■ **Data extract**
:::
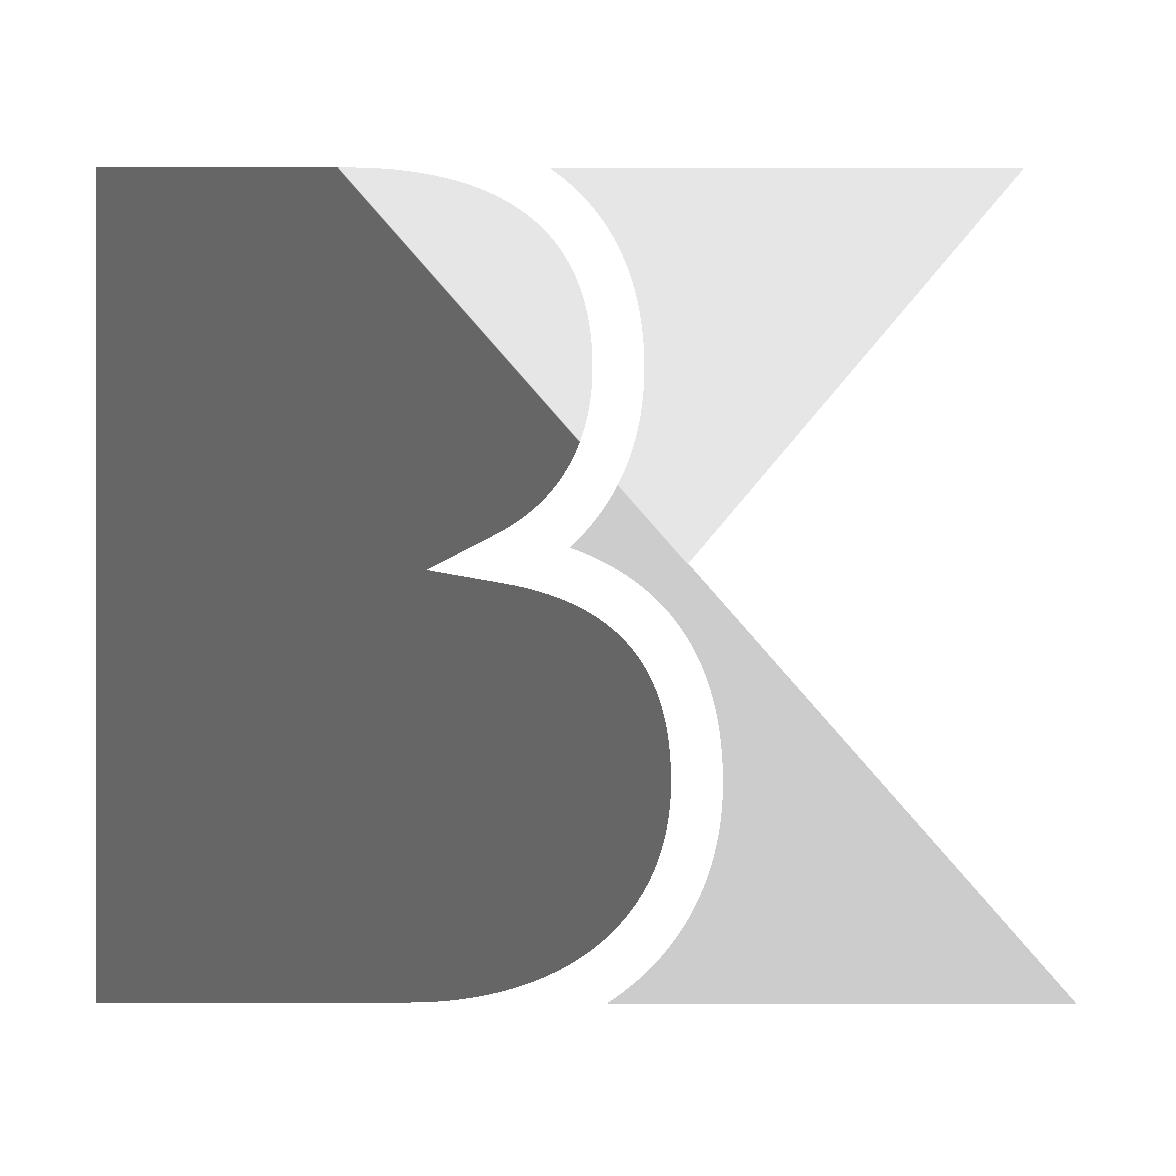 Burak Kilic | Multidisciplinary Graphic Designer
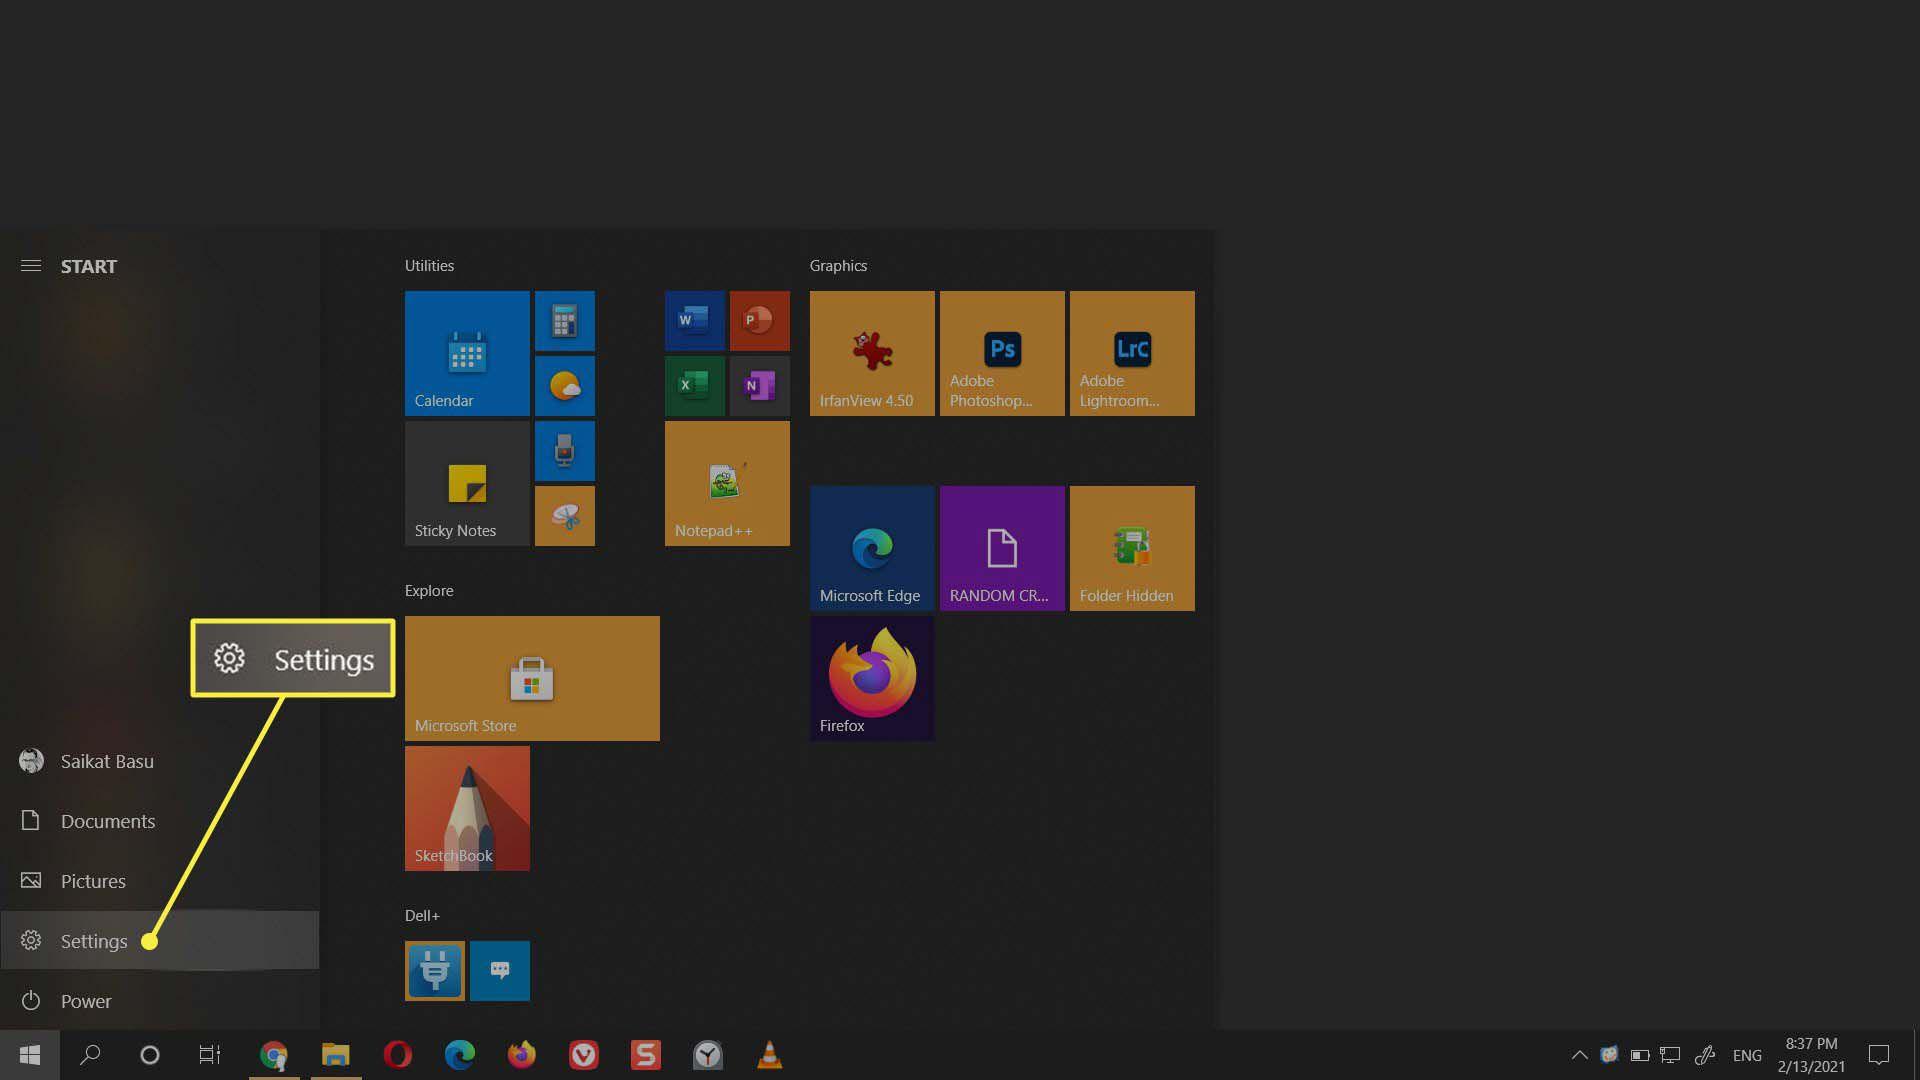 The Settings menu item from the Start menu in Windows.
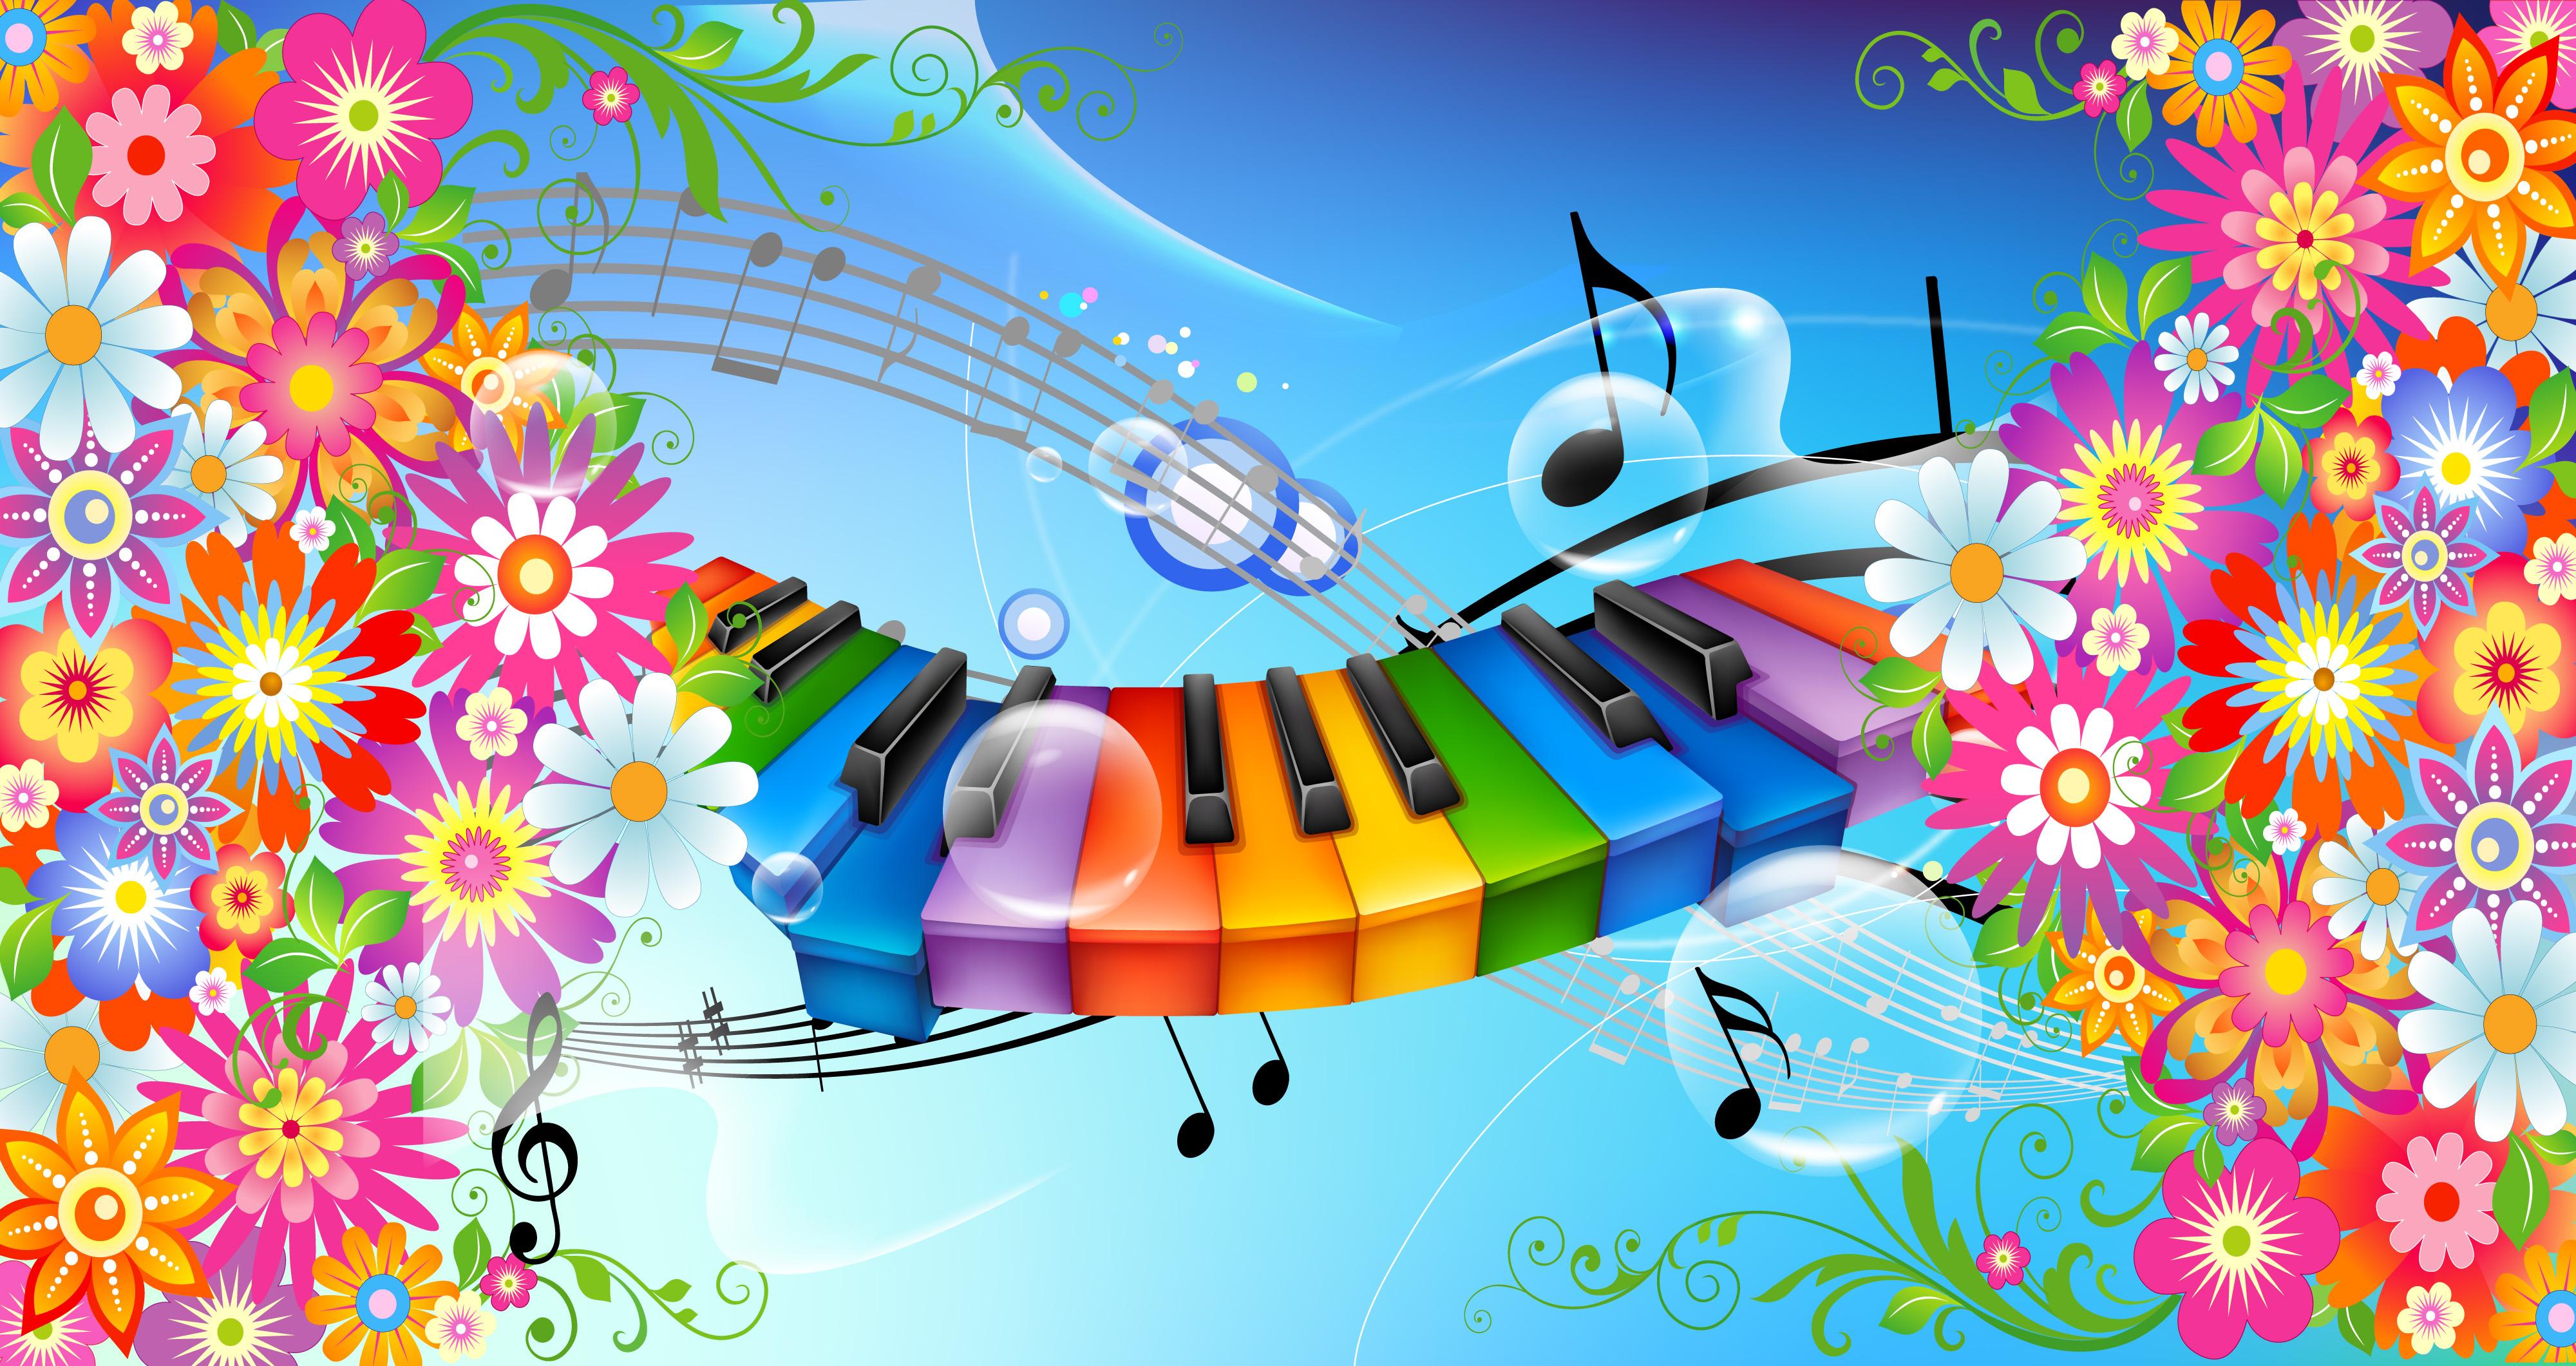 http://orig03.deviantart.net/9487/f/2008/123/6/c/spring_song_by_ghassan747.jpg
:::
When you copy the lines above, drop the pictures and keep everything else exact.

 Burak Kilic | Multidisciplinary Graphic Designer
 The Settings menu item from the Start menu in Windows.
 http://orig03.deviantart.net/9487/f/2008/123/6/c/spring_song_by_ghassan747.jpg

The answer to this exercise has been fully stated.